Casey (CEO) and I (CTO) recorded a conversation about a project we've been turning over for a while: what would it actually take to stage a meaningful slice of the Shakespeare canon using AI video and a small standing troupe of synthetic actors?

It started as a thought experiment. We've now moved it into territory where we're running real experiments. We're not committing to all 39 plays as feature-length films — that's the wrong shape of promise to make at this stage. What we are committing to is running this as a public R&D programme with agile intent: the videos we make about the process, posts like this one, the published collections inside Numonic, and the downstream YouTube releases. The codebase stays in our private GitLab. What we publish externally, we publish deliberately.

Watch the conversation →

The Right Question Isn't “Can the Model Render It”

When teams pick up an AI-video stack and aim it at something ambitious, they tend to hit a wall around piece four or five: not because the renderer fails, but because they can't remember what they made on piece one. Same character, different face. Same set, different walls. Same wardrobe, different fabric. The output reads like four different productions stitched together.
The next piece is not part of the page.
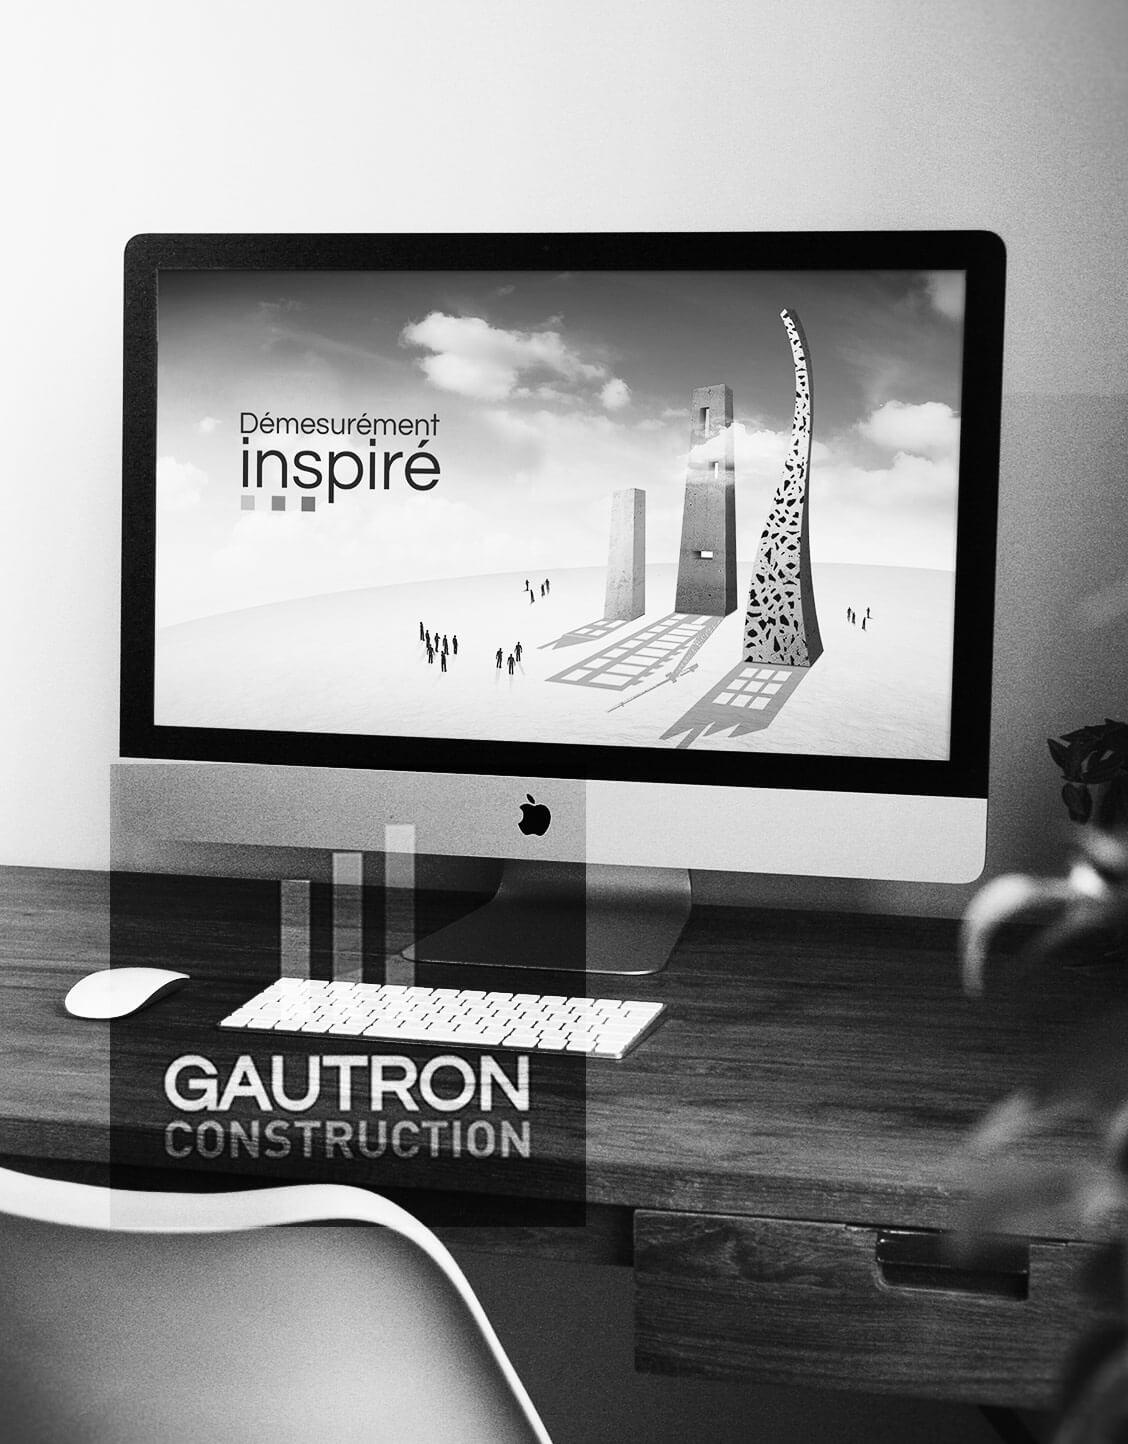 Gautron Construction

The space is moving fast and there's serious multi-minute work shipping every week — but the parts that don't show up in the highlight reel are exactly the parts that don't survive scaling: continuity, identity, asset retrieval, the editor's sanity at piece forty.

This isn't an AI-only problem. It's the same problem any studio solves on a real production: an editor needs the second take from the third day on the C-camera; a PA needs to know whether the wardrobe in scene 12 matches scene 47. Every studio that scales past student-film volume builds — or buys — a memory system for it. EDLs, on-set continuity logs, finishing-house archives, asset libraries. Studio memory is the part that doesn't make the highlight reel.
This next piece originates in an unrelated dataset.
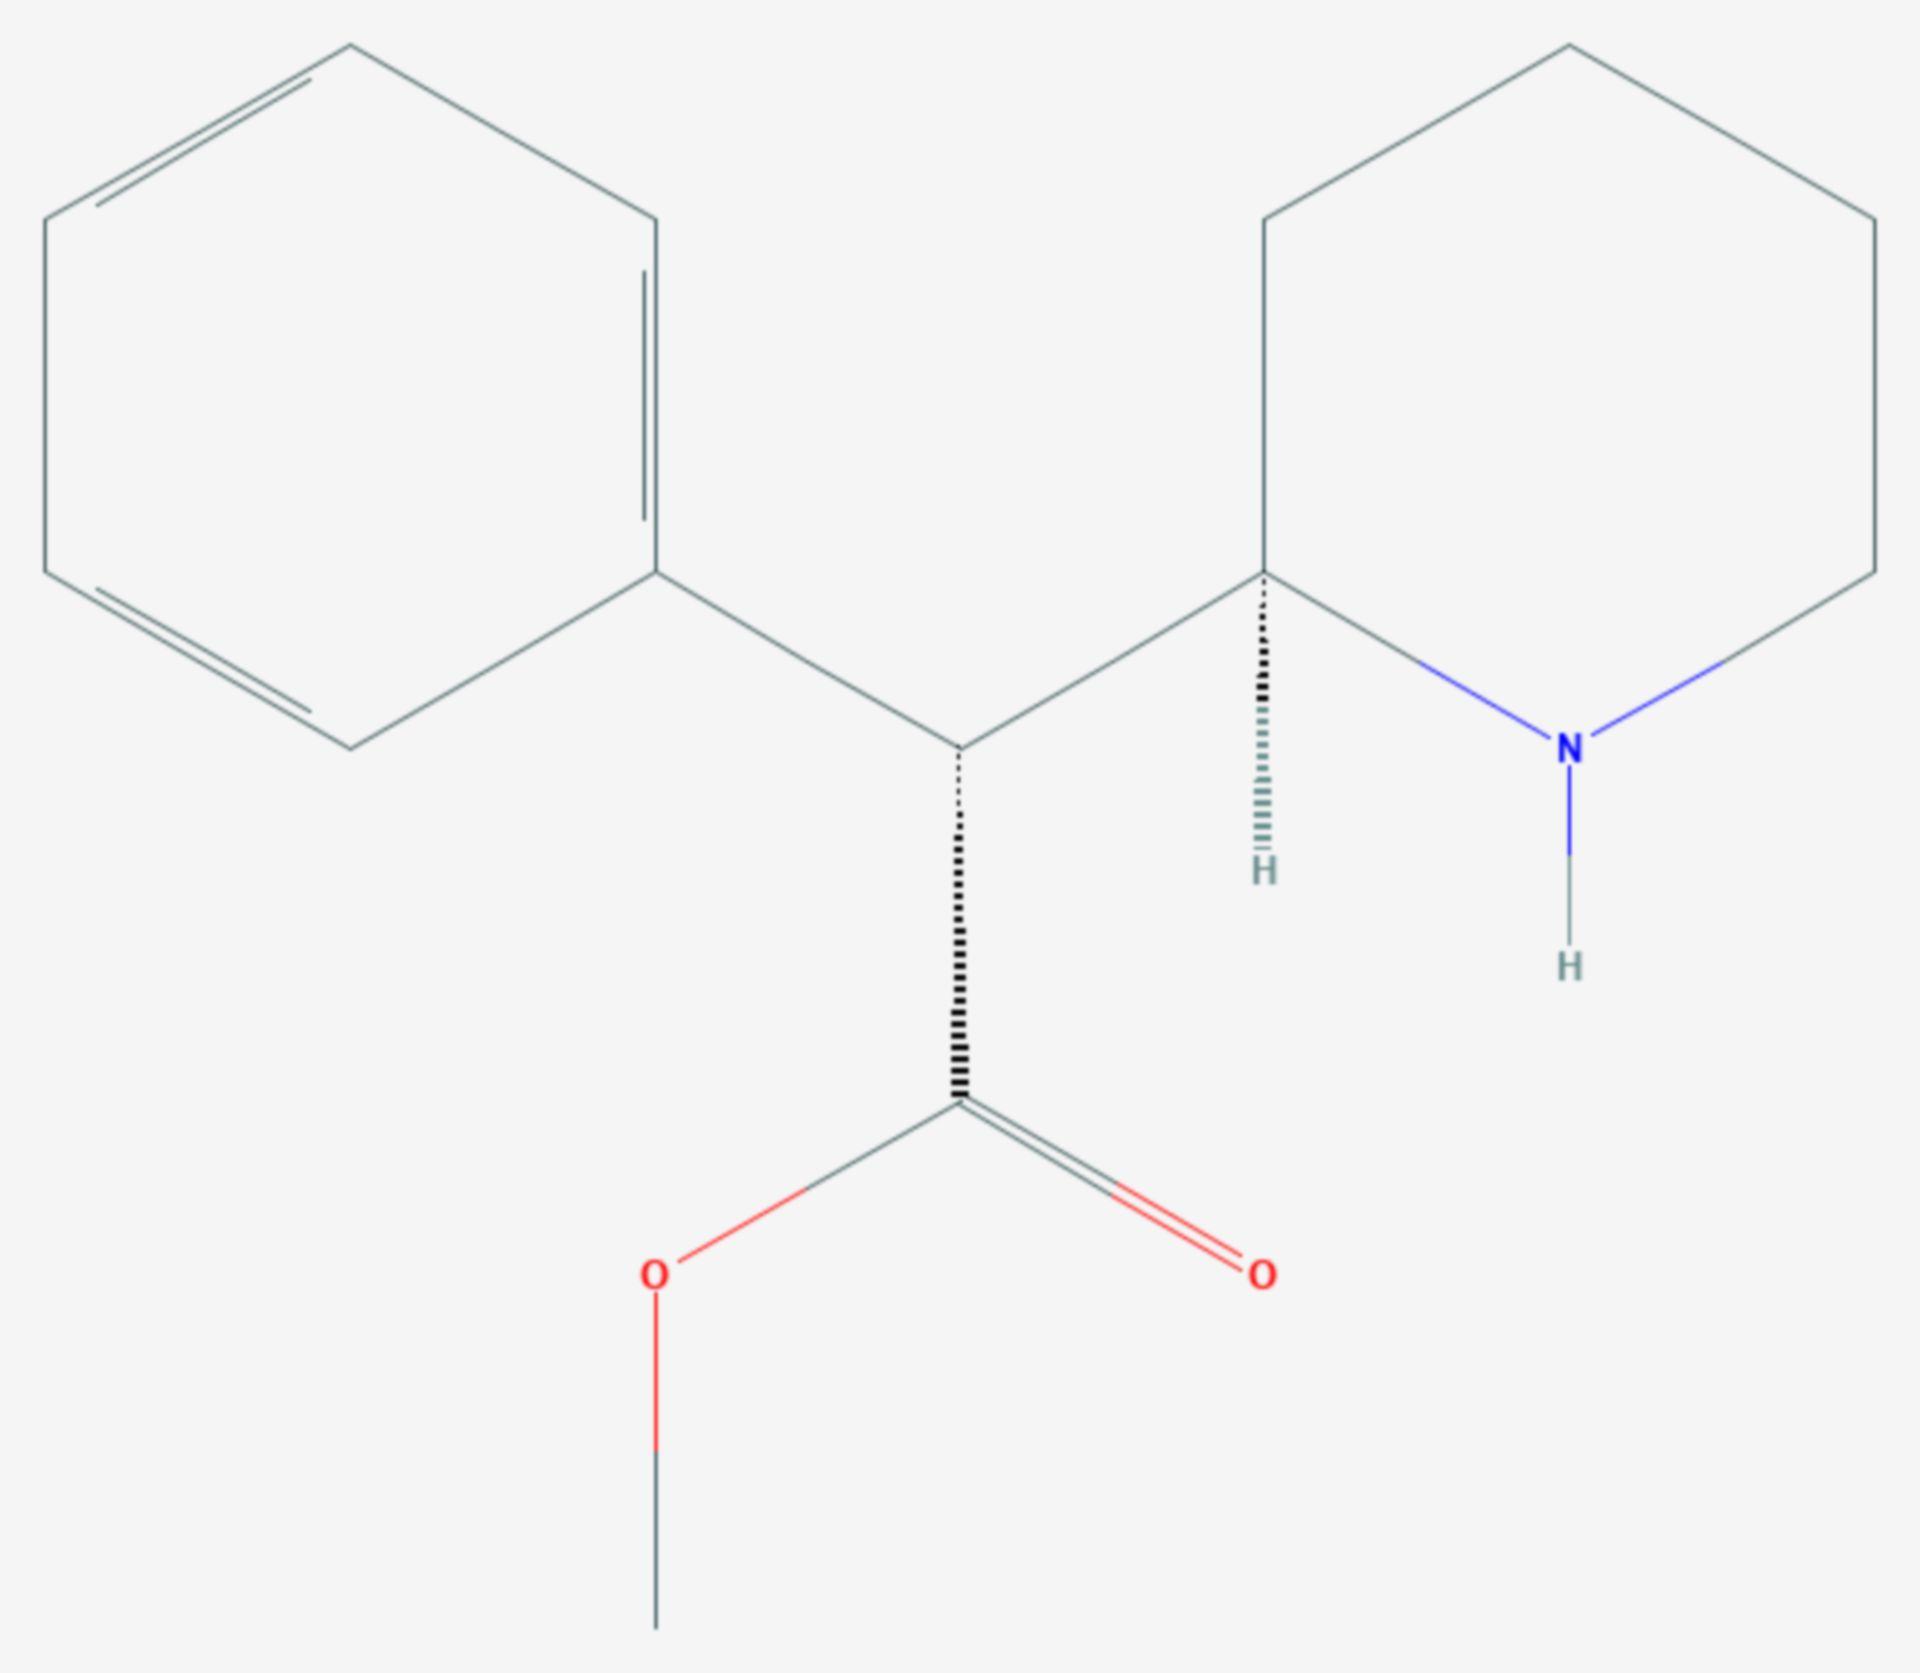 Dexmethylphenidat (Strukturformel)

Studio memory is the part that doesn’t make the highlight reel. When AI compresses the production timeline, the memory problem arrives faster, not slower.

When AI compresses the production timeline, the studio-memory problem doesn't go away. It arrives faster and louder. By the time a small team has ten usable minutes, they are already drowning in candidate takes, character variants, prompt revisions, and conditioning images they will never find again.

So the right question isn't can the model render Shakespeare. It's can you remember what you rendered yesterday well enough to render today with it. That is the problem Numonic is built to solve, and Shakespeare is the test case.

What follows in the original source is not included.